> _Task_:
Every entry must appear in the answer exactly as it does here.

[Stored items from a collection]
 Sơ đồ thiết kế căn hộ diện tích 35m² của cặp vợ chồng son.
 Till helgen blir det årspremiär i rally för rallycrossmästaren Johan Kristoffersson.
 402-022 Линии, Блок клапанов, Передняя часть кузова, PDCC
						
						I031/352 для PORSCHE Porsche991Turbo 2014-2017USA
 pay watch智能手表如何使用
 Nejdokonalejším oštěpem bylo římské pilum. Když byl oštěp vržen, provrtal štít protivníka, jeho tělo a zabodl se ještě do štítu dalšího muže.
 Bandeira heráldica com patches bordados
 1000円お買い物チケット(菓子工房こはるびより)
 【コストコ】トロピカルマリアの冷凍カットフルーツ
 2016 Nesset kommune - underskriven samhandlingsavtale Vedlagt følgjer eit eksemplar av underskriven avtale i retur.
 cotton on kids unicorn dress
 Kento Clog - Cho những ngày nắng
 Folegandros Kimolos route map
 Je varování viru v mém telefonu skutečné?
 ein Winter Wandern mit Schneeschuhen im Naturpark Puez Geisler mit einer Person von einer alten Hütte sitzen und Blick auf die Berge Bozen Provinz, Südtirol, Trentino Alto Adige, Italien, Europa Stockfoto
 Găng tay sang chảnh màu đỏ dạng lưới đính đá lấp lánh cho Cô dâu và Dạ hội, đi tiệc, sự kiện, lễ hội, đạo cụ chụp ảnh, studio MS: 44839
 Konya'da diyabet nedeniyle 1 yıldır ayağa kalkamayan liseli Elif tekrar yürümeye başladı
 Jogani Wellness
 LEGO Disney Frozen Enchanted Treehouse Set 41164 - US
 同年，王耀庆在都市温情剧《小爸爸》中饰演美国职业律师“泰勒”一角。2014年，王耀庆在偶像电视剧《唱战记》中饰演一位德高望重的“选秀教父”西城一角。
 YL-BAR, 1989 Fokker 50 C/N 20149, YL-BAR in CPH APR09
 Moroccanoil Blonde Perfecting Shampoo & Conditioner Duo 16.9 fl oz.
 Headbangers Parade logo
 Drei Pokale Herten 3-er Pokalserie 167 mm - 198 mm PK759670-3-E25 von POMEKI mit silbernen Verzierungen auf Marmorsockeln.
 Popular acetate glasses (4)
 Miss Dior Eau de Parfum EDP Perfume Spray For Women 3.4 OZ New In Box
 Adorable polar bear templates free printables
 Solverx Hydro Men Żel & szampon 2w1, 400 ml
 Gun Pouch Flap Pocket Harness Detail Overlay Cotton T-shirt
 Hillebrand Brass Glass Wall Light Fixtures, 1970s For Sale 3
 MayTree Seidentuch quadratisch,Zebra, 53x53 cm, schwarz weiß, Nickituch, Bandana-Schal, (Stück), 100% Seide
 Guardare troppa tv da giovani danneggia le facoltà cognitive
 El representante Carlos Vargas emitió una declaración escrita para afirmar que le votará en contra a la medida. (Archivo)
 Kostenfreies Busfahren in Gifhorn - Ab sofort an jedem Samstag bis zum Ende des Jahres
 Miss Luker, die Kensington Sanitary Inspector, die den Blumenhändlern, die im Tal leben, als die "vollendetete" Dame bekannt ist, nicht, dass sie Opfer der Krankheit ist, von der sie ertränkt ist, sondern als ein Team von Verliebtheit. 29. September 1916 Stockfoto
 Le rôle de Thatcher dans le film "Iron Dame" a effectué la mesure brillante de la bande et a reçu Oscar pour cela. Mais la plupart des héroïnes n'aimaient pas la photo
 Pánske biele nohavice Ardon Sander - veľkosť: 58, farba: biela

> _Answer space_:
 Sơ đồ thiết kế căn hộ diện tích 35m² của cặp vợ chồng son.
 Till helgen blir det årspremiär i rally för rallycrossmästaren Johan Kristoffersson.
 402-022 Линии, Блок клапанов, Передняя часть кузова, PDCC
						
						I031/352 для PORSCHE Porsche991Turbo 2014-2017USA
 pay watch智能手表如何使用
 Nejdokonalejším oštěpem bylo římské pilum. Když byl oštěp vržen, provrtal štít protivníka, jeho tělo a zabodl se ještě do štítu dalšího muže.
 Bandeira heráldica com patches bordados
 1000円お買い物チケット(菓子工房こはるびより)
 【コストコ】トロピカルマリアの冷凍カットフルーツ
 2016 Nesset kommune - underskriven samhandlingsavtale Vedlagt følgjer eit eksemplar av underskriven avtale i retur.
 cotton on kids unicorn dress
 Kento Clog - Cho những ngày nắng
 Folegandros Kimolos route map
 Je varování viru v mém telefonu skutečné?
 ein Winter Wandern mit Schneeschuhen im Naturpark Puez Geisler mit einer Person von einer alten Hütte sitzen und Blick auf die Berge Bozen Provinz, Südtirol, Trentino Alto Adige, Italien, Europa Stockfoto
 Găng tay sang chảnh màu đỏ dạng lưới đính đá lấp lánh cho Cô dâu và Dạ hội, đi tiệc, sự kiện, lễ hội, đạo cụ chụp ảnh, studio MS: 44839
 Konya'da diyabet nedeniyle 1 yıldır ayağa kalkamayan liseli Elif tekrar yürümeye başladı
 Jogani Wellness
 LEGO Disney Frozen Enchanted Treehouse Set 41164 - US
 同年，王耀庆在都市温情剧《小爸爸》中饰演美国职业律师“泰勒”一角。2014年，王耀庆在偶像电视剧《唱战记》中饰演一位德高望重的“选秀教父”西城一角。
 YL-BAR, 1989 Fokker 50 C/N 20149, YL-BAR in CPH APR09
 Moroccanoil Blonde Perfecting Shampoo & Conditioner Duo 16.9 fl oz.
 Headbangers Parade logo
 Drei Pokale Herten 3-er Pokalserie 167 mm - 198 mm PK759670-3-E25 von POMEKI mit silbernen Verzierungen auf Marmorsockeln.
 Popular acetate glasses (4)
 Miss Dior Eau de Parfum EDP Perfume Spray For Women 3.4 OZ New In Box
 Adorable polar bear templates free printables
 Solverx Hydro Men Żel & szampon 2w1, 400 ml
 Gun Pouch Flap Pocket Harness Detail Overlay Cotton T-shirt
 Hillebrand Brass Glass Wall Light Fixtures, 1970s For Sale 3
 MayTree Seidentuch quadratisch,Zebra, 53x53 cm, schwarz weiß, Nickituch, Bandana-Schal, (Stück), 100% Seide
 Guardare troppa tv da giovani danneggia le facoltà cognitive
 El representante Carlos Vargas emitió una declaración escrita para afirmar que le votará en contra a la medida. (Archivo)
 Kostenfreies Busfahren in Gifhorn - Ab sofort an jedem Samstag bis zum Ende des Jahres
 Miss Luker, die Kensington Sanitary Inspector, die den Blumenhändlern, die im Tal leben, als die "vollendetete" Dame bekannt ist, nicht, dass sie Opfer der Krankheit ist, von der sie ertränkt ist, sondern als ein Team von Verliebtheit. 29. September 1916 Stockfoto
 Le rôle de Thatcher dans le film "Iron Dame" a effectué la mesure brillante de la bande et a reçu Oscar pour cela. Mais la plupart des héroïnes n'aimaient pas la photo
 Pánske biele nohavice Ardon Sander - veľkosť: 58, farba: biela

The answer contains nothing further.